Last week’s economic reports included Case-Shiller 10 and 20-City Home Price Index reports for November along with new and pending home sales for December. Freddie Mac reported on average mortgage rates and new jobless claims dipped unexpectedly. The details:
Case-Shiller: Home Price Growth Slower in November
Case-Shiller’s 20-City Home Price Index for November indicated that home prices continue to slow across the nation. Seasonally-adjusted annual home price growth slowed to 4.30 percent from October’s reading of 4.50 percent. Slowing momentum in year-over-year home price growth placed downward pressure on month-to-month readings. Several cities, including Atlanta, Georgia, Boston Massachusetts and Cleveland Ohio reported lower home prices in November as compared to October. Chicago, Illinois surprised analysts with a -1.10 percent drop in home price growth for November.
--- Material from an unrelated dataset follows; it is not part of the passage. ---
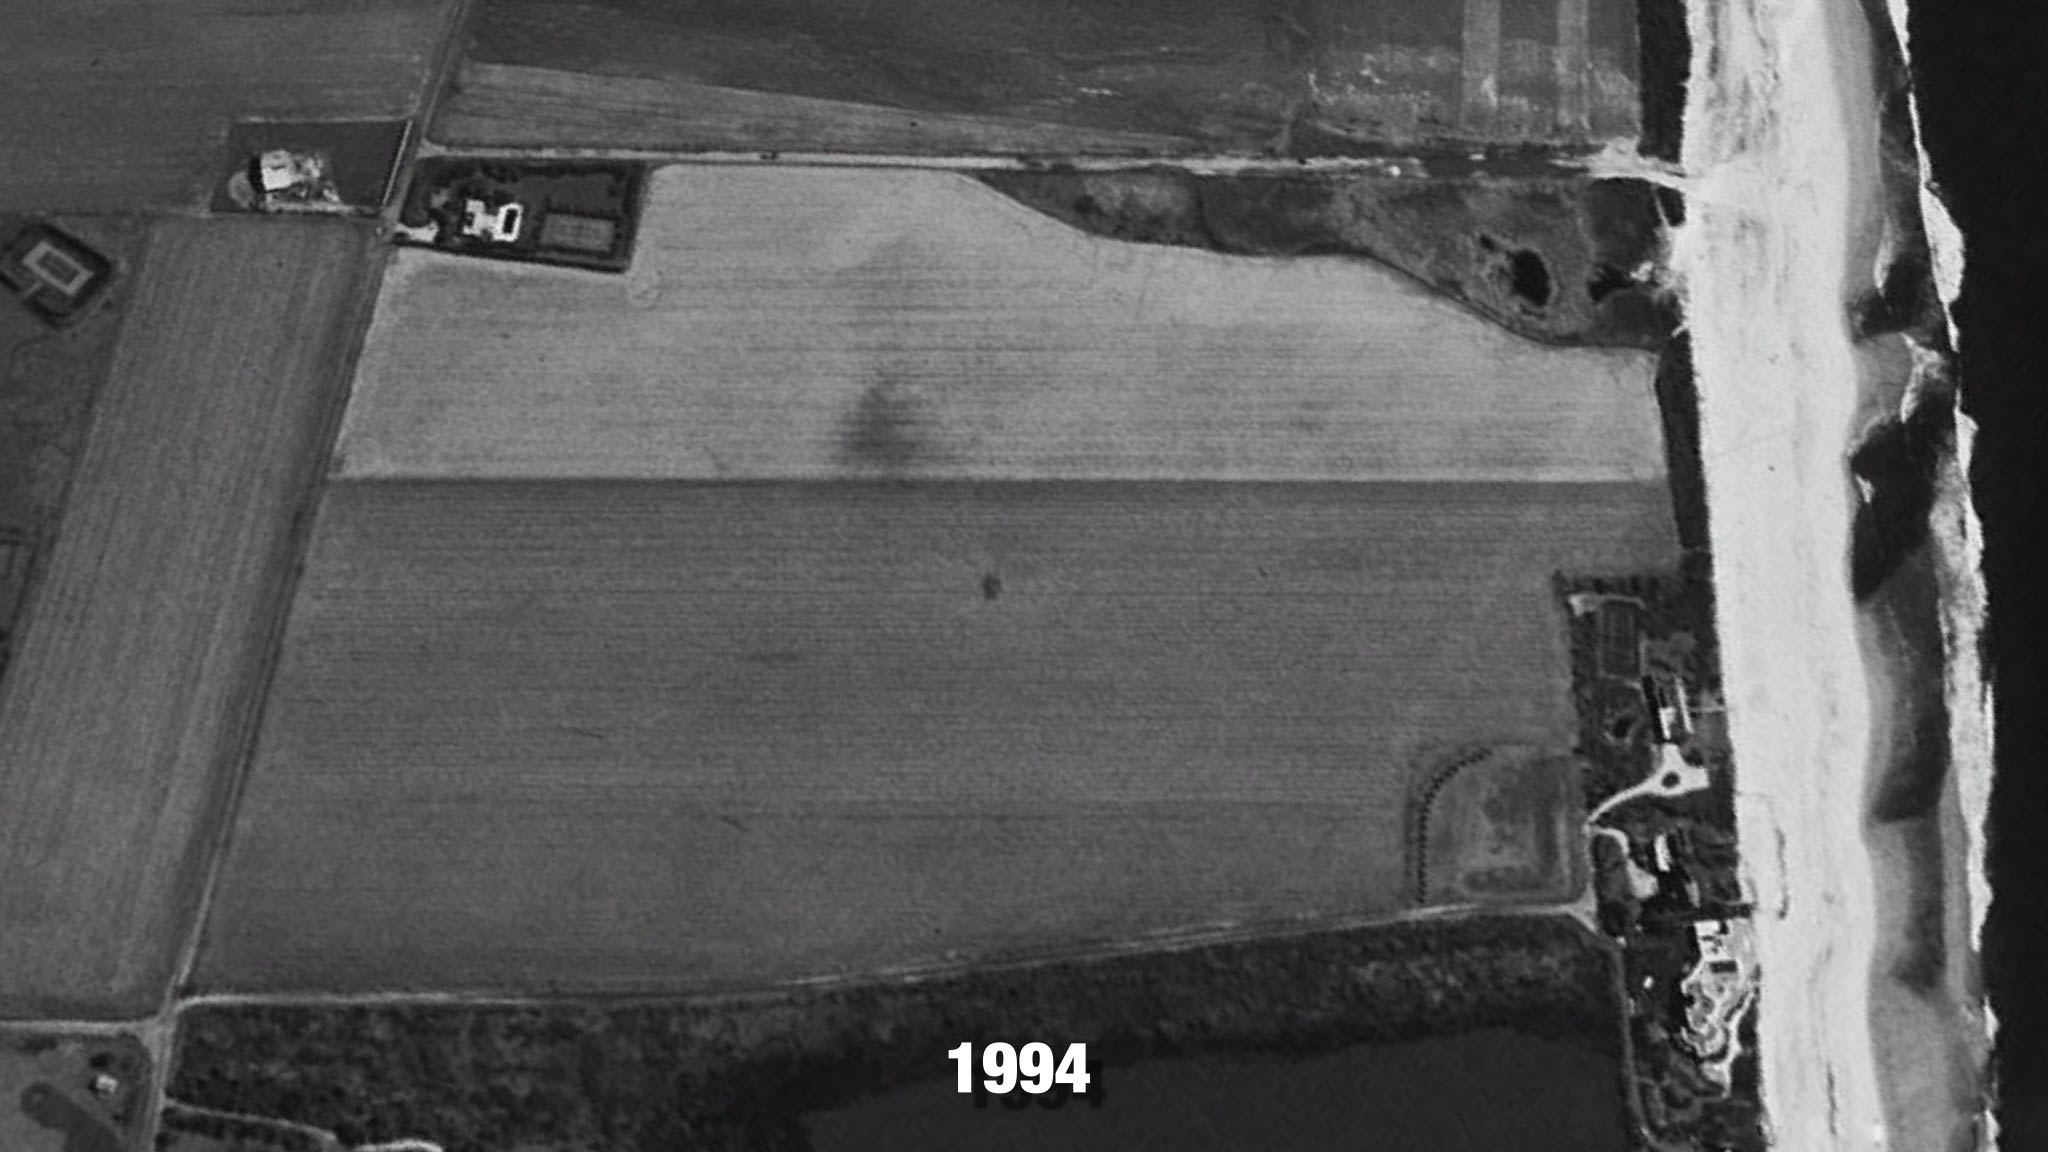 Hamptons, NY satellite image from 1994

Although mortgage rates have fallen in recent weeks, analysts cited tough mortgage approval standards, lower demand for homes and growing inventories of available homes as factors contributing to sluggish housing markets.
New and Pending Home Sales: Mixed Readings
New home sales jumped to a seasonally-adjusted annual reading of 481,000 sales in December against expectations of 455,000 sales and November’s revised reading of 431,000 new homes sold. The original reading for November was 438,000 new homes sold. New home sales were 8.80 percent higher in December year-over-year. The median price of new homes was $298,100 in December, which was an increase of 8.20 percent year-over-year.
Pending home sales reflected sluggish market conditions in December with pending sales lower by -3.70 percent as compared to November’s reading of +0.60 percent. This lull will likely impact completed sales as pending sales generally forecast completed sales within the next 60 days. The NATIONAL ASSOCIATION OF REALTORS®® said that home prices rose in some areas as supplies dwindled. Fewer homeowners list homes for sale during the fall and winter months than during spring and summer. Analysts also said that home sales trends rely on the willingness of homeowners to list their homes and move up. Although the economy continues to grow, homeowners can impact supplies of available homes if they wait to move up to larger homes.
Mortgage Rates Rise, New Jobless Claims Fall
Freddie Mac reported that average mortgage rates rose last week. The average rate for a 30-year fixed rate mortgage was three basis points higher at 3.66 percent; the average rate for 15-year mortgages rose by five basis points to 2.98 percent, and the average rate for a 5/1 adjustable rate mortgage was 2.86 percent. Discount points fell to 0.60 percent for 30-year mortgages and 0.50 percent for 15-year mortgages. Discount points were unchanged at0.40 percent for 5/1 adjustable rate mortgages.
New jobless claims fell to 265,000; this was lower than the expected reading of 296,000 new jobless claims and the prior week’s reading of 308,000 new jobless claims. Analysts said that the short work week likely contributed to the drop in weekly jobless claims, which was the largest drop in new jobless claims since November 2012. As labor markets improve, more consumers can afford to buy homes. January’s Consumer Confidence Index rose more than expected in January with a reading of 102.9 against expectations of 96.90 and December’s reading of 93.10.
This week’s scheduled reports include Construction Spending, Personal Income, Core Inflation, and several employment reports including ADP Payrolls, Non-Farm Payrolls and the national unemployment rate. Freddie Mac’s mortgage rates report and new unemployment claims will be released on Thursday as usual.